Today, land use law deals with everything from skyscrapers to cornfields, but the ability for towns to make land use decisions when it comes to high-risk, industrial activities is still one of the most important local powers.  This is why it is critical that with respect to fracking—an activity with understudied environmental and public health harms and one that can dramatically change the character of communities—local towns retain traditional land use authority.  This is also one of the reasons NRDC created the Community Fracking Defense Project.

Protection from Trespass and Forced Pooling/Compulsory Integration

The law of trespass (another several hundred-year-old legal doctrine) protects a property owner’s right to keep stuff (or persons) off of their property that they don’t want to be there.  As the Supreme Court put it, a landowner’s “power to exclude has traditionally been considered one of the most treasured strands in an owner's bundle of property rights.”   The principle behind trespass is perhaps the simplest: if someone puts something on your land without your permission—that’s illegal.**

The states, however, can and do write laws that override the law of trespass, and one of those types of relates to “forced pooling” or “compulsory integration” of mineral rights.  Forced pooling laws allow drilling operators to take oil and gas from under an owner’s land without their permission, so long as they own or have leased enough of the mineral rights in a particular area.  In New York, for example, if an operator owns or has leased 60% of the land within a specified area around a well, known as “spacing unit,” they are allowed to forcibly take oil and gas from under the remaining 40% of the land, provided they pay a royalty to the owners of that land.

One of the original purposes of these laws was to protect landowners from having oil and gas sucked up from under their land without compensation, because “traditional” oil and gas deposits were generally found in large underground reservoirs, the contours of which were impossible to determine from the surface.  But with fracking, forced pooling doesn’t protect landowners at all because shale gas does not exist in a big pool or bubble. 
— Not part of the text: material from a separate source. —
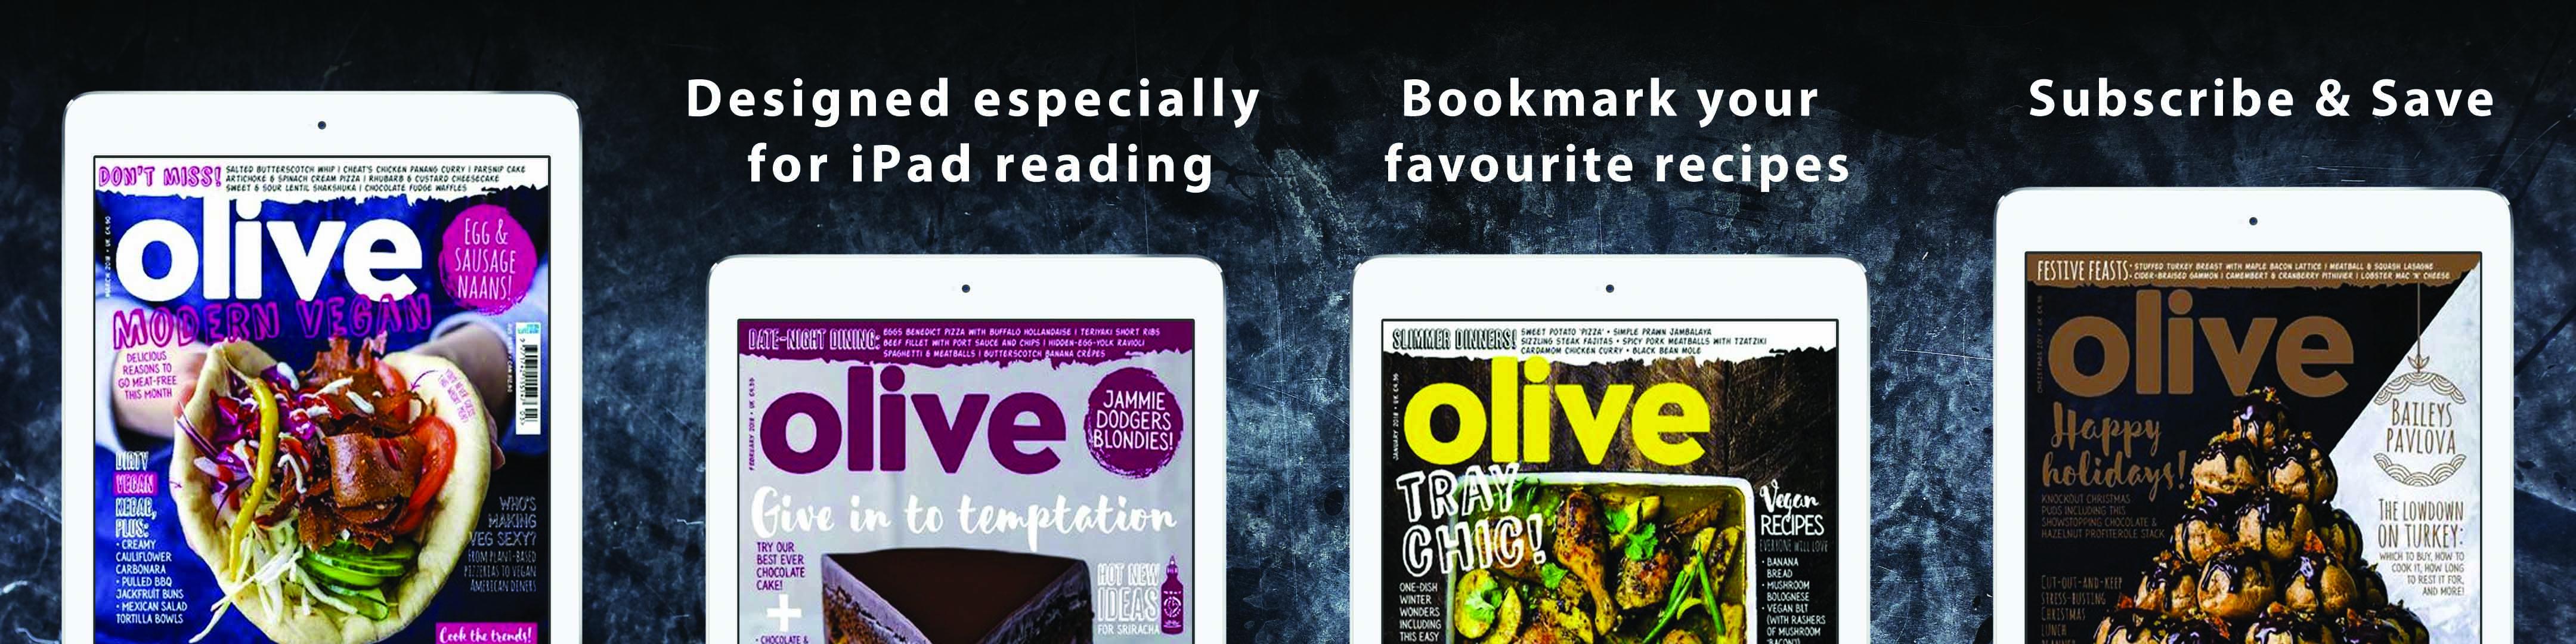 olive magazine app buy

Instead of sucking the gas up from a single piece of property, shale drillers usually get gas by drilling out horizontally under several people’s property and then fracking.  In other words, if you are a landowner, forced pooling laws allow drillers to drill into your subsurface land, and frack it, without your consent.

While forced pooling laws don’t protect landowners when it comes to shale gas, they do protect the drillers’ interests.  This is because these laws make it easier to frack under private land without the “hassle” of getting permission from private property owners.  To the extent that fracking may sometimes lead to future water contamination, it also makes it easier for these companies to put the health and property of local residents at risk.

Equal Protection for All

The conversation on fracking and property rights often focuses on the rights of the leasing landowner, but when fracking comes to a neighborhood it affects the property rights of everyone.  Whether it’s an apartment lease or the title to the family farm, most people have property rights in a piece of land, and the Constitution and the laws of the states protect all of those rights equally.  That’s why when it comes the decisions about fracking that affect a community’s health and property rights, it’s important for all local residents to have a say.



 *The Supreme Court has also noted that “[e]ver since Aldred's Case, it has been the settled law, both of this country and of England, that a man has no right to maintain a structure upon his own land, which, by reason of disgusting smells, loud or unusual noises, thick smoke, noxious vapors, the jarring of machinery, or the unwarrantable collection of flies, renders the occupancy of adjoining property dangerous, intolerable, or even uncomfortable to its tenants.” Camfield v. U. S., 167 U.S. 518, 522-23 (1897).

**For the wonks out there, the type of trespass I am describing in this section is “trespass to land” and the quote is from Loretto v. Teleprompter Manhattan CATV Corp., 458 U.S. 419, 435 (1982).